I’m not sure if the [entry] would help here. If we wanted to more explicit about this, I’d consider attaching something to the end of the expressions, maybe foo-4093 (outline) (“outline” isn’t exactly correct, but its shorter than “discontinuous”).

These tools don’t read the debug info, so they would just give you the symbol name of the chunk (if there is one). So, something like:

  201127: eb f9                        	jmp	0x201122 <foo.__part.1+0x1>

if the file has symbol information, or

  201127: eb f9                        	jmp	0x201122 <.text+0x2>

if it does not.

I suppose we could do something similar, but I’m not sure how awkward would that get as we normally prefer debug information over data from the symtab. We also wouldn’t be able to completely rely on it being present, so we’d need some fallback.

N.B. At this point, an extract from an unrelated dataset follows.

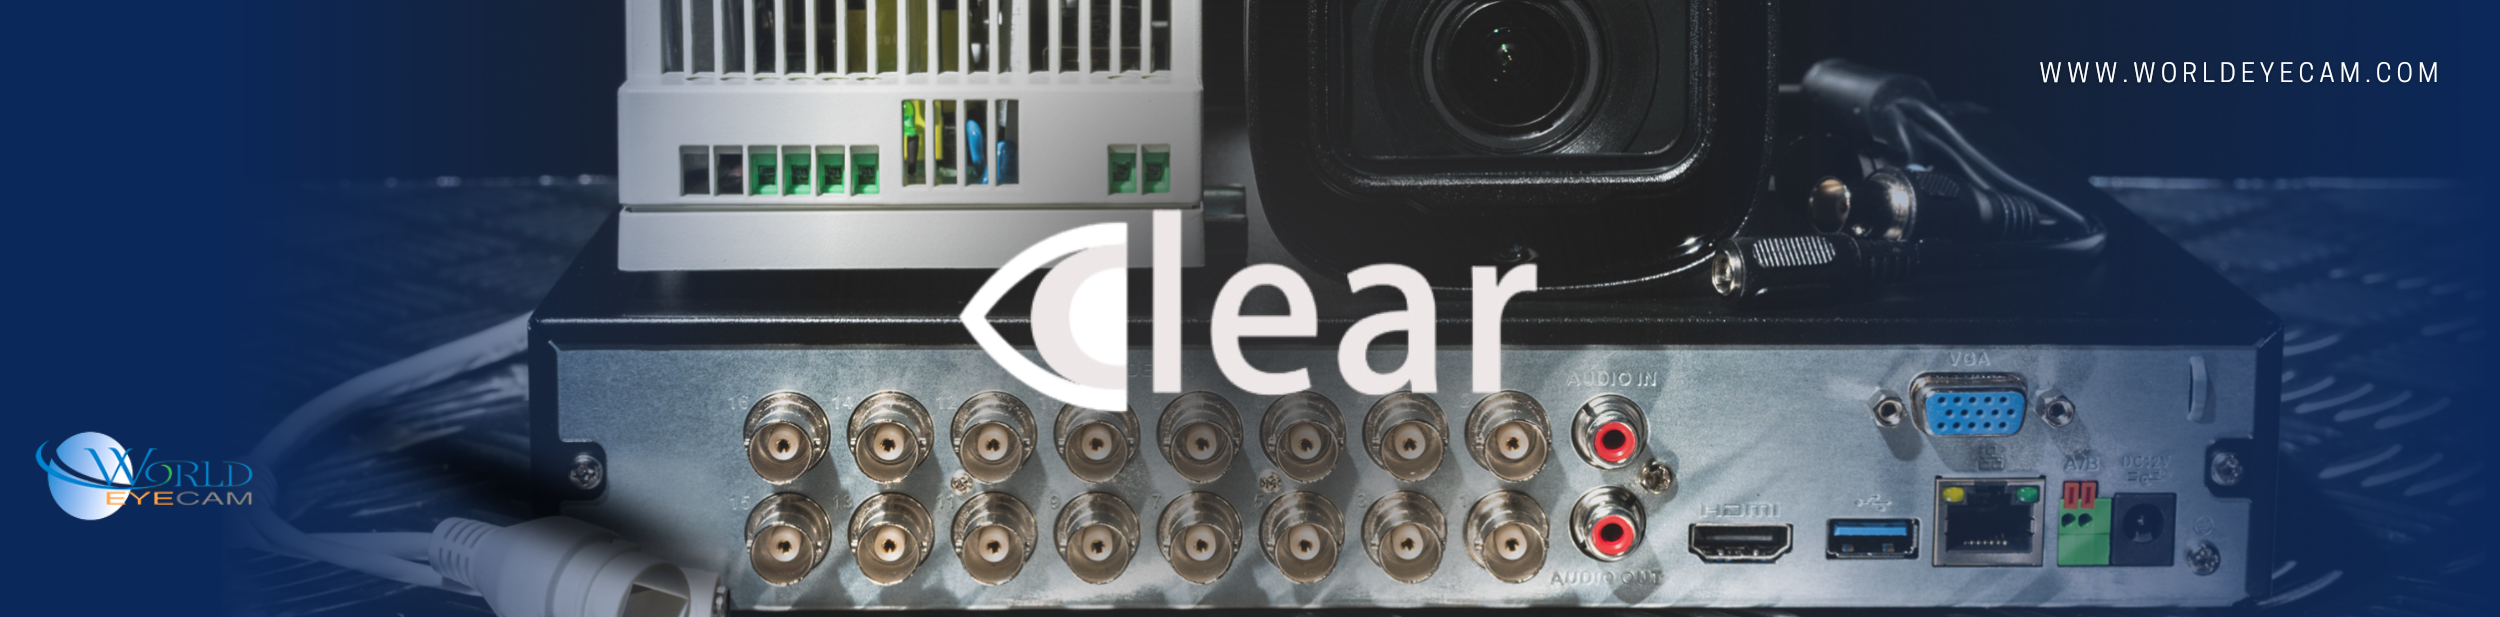 CLEAR - IP Camera Systems

I’m pretty sure it does not handle that option yet (as in, it would try to dump everything “between” the function chunks as well), as we don’t even have a way to get the discontinuous ranges yet, but I think the way it should behave is fairly obvious – dump out the individual parts of the function and skip everything in between.

Here’s an interesting subproblem of this. Using file addresses for these types of operations introduces a new failure mode to some operations – namely that the new file address does not resolve back to any sections (this should only happen with corrupted debug info). For example, Block::GetRangeAtIndex could fail due to this. The function has a bool return value, so it is possible to return some indication of an error, but currently that function can only fail for a very mundane, and I think – preventable, reasons (block having no parent function – aside from funny blocks created in the pdb plugin our blocks are always contained within a function).

So, there are basically two ways this can go: either we allow creation of these kind-of-invalid blocks – and then fail in GetRangeAtIndex (and elsewhere); or we disallow the creation of these blocks (check/prune their ranges during construction). Then, if we’re able to guarantee that Blocks are always parented (I’m like 95% certain that’s doable), then we can have a bunch of functions which don’t fail.

I’m inclined to try the latter, because I like functions that don’t fail, and because we’re already doing some amount of validation when creating Blocks. :slight_smile: